Why Existing Tools Leave Gaps

I want to be fair here — the existing eval tools are genuinely good. But they each have a niche.

Phoenix Evals (Arize) is brilliant if you're deep in the Arize observability ecosystem. The Custom Evals architecture is openly inspired by it. But Phoenix is a full observability platform. If you just want to score outputs without standing up a tracing infrastructure, it's overkill.

DeepEval has 50+ metrics — impressive. But it requires a specific test runner, a specific file format, and an opinionated workflow. It's a comprehensive evaluation suite, not a lightweight library.

RAGAS is surgical and excellent at RAG evaluation specifically. Faithfulness, AnswerRelevancy, ContextPrecision — the research is solid. But it's RAG-first. It doesn't cover general LLM evaluation, agent tool-use quality, or document extraction accuracy.

The gap: none of them give you a single unified interface that works across 17 different frameworks without requiring a backend.
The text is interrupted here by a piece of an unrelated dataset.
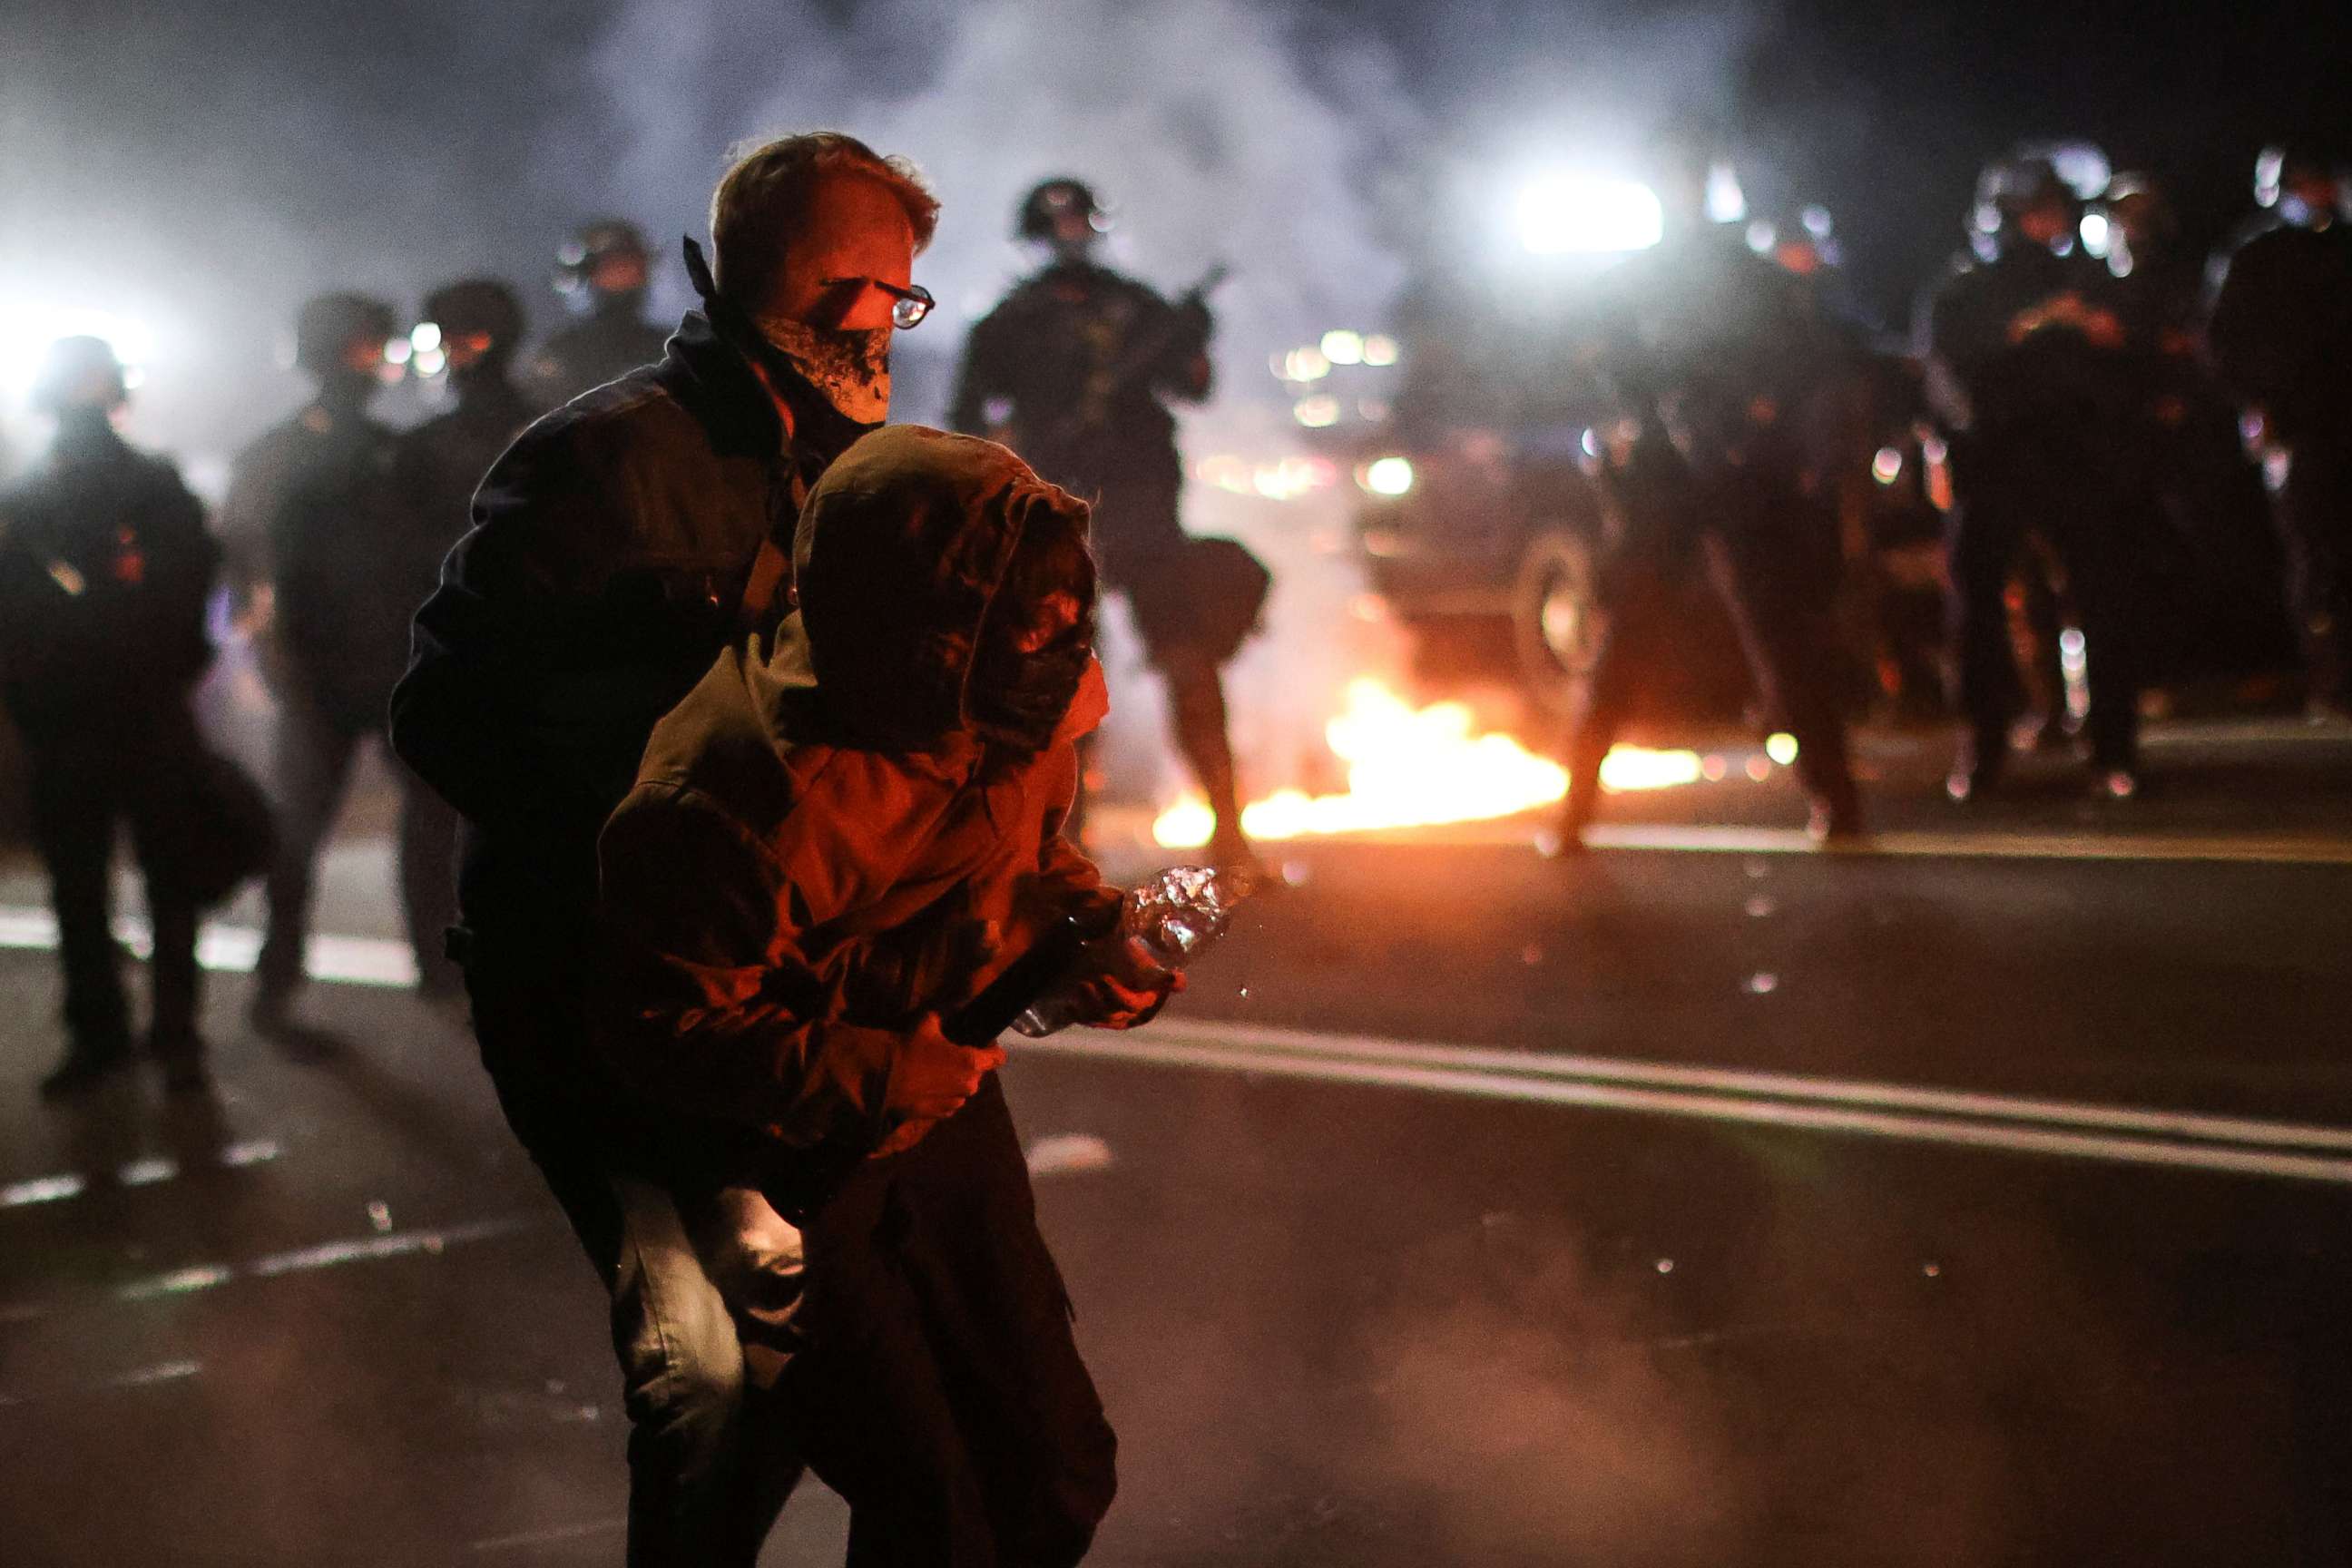 PHOTO: A protester is helped by another to retreat after clashing with the police on the 100th consecutive night of protests against police violence and racial inequality, in Portland, Oregon, on September 5, 2020.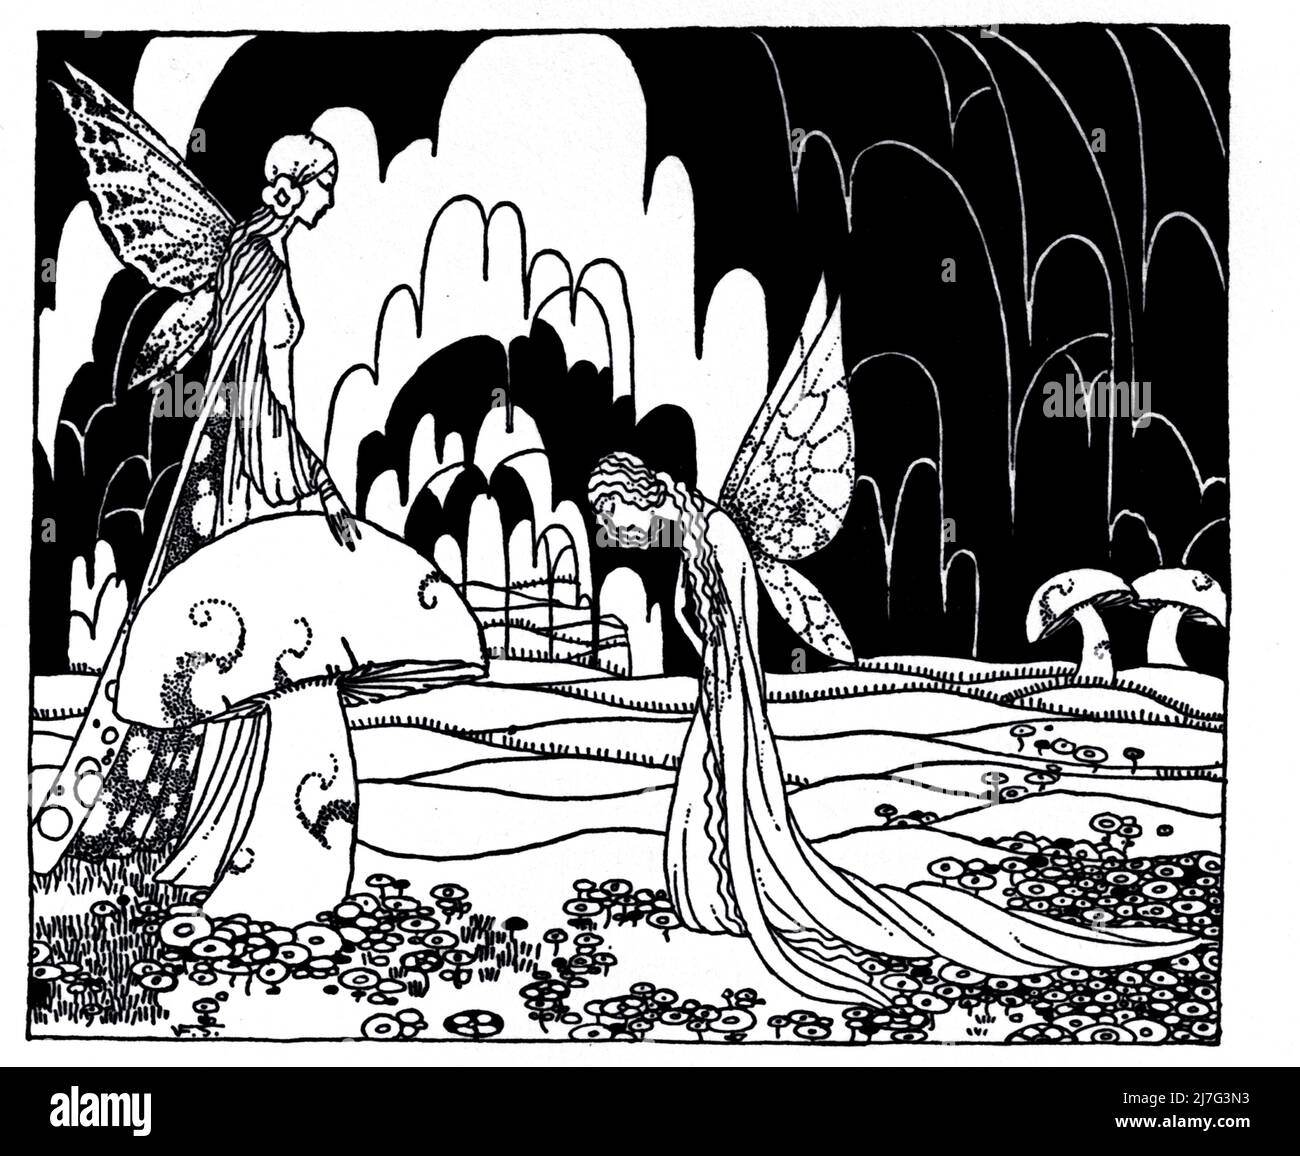 The fairy must give herself up to the queen and lose her power for eight days from the story PRINCESS ROSETTE from the book ' Old French fairy tales ' by comtesse de Ségur, Sophie, 1799-1874; and illustrated by Virginia Frances Sterrett. Published in Philadelphia, by The Penn publishing company 1920. A wonderful book with 5 timeless French fairy tales magnificently illustrated with 8 beautiful and dramatic full page color and many black and white drawings by Virginia Frances Sterrett. 'Done when she was only 19 years of age, this was Sterrett's (Chicago born) first book, Stock Photo

The Architecture: Four Evaluation Layers

The interesting design choice in Custom Evals is that there's no single "evaluator." There are four distinct layers. Use any or all of them.

Custom Evals
├── Layer 1: Code-Based Metrics       (deterministic, zero LLM cost)
├── Layer 2: LLM-Based Evaluators     (LLM-as-judge, semantic quality)
├── Layer 3: NLP Similarity Metrics   (BLEU, ROUGE, cosine, Jaro-Winkler...)
└── Layer 4: OCR / Document Metrics   (for non-LLM extraction pipelines)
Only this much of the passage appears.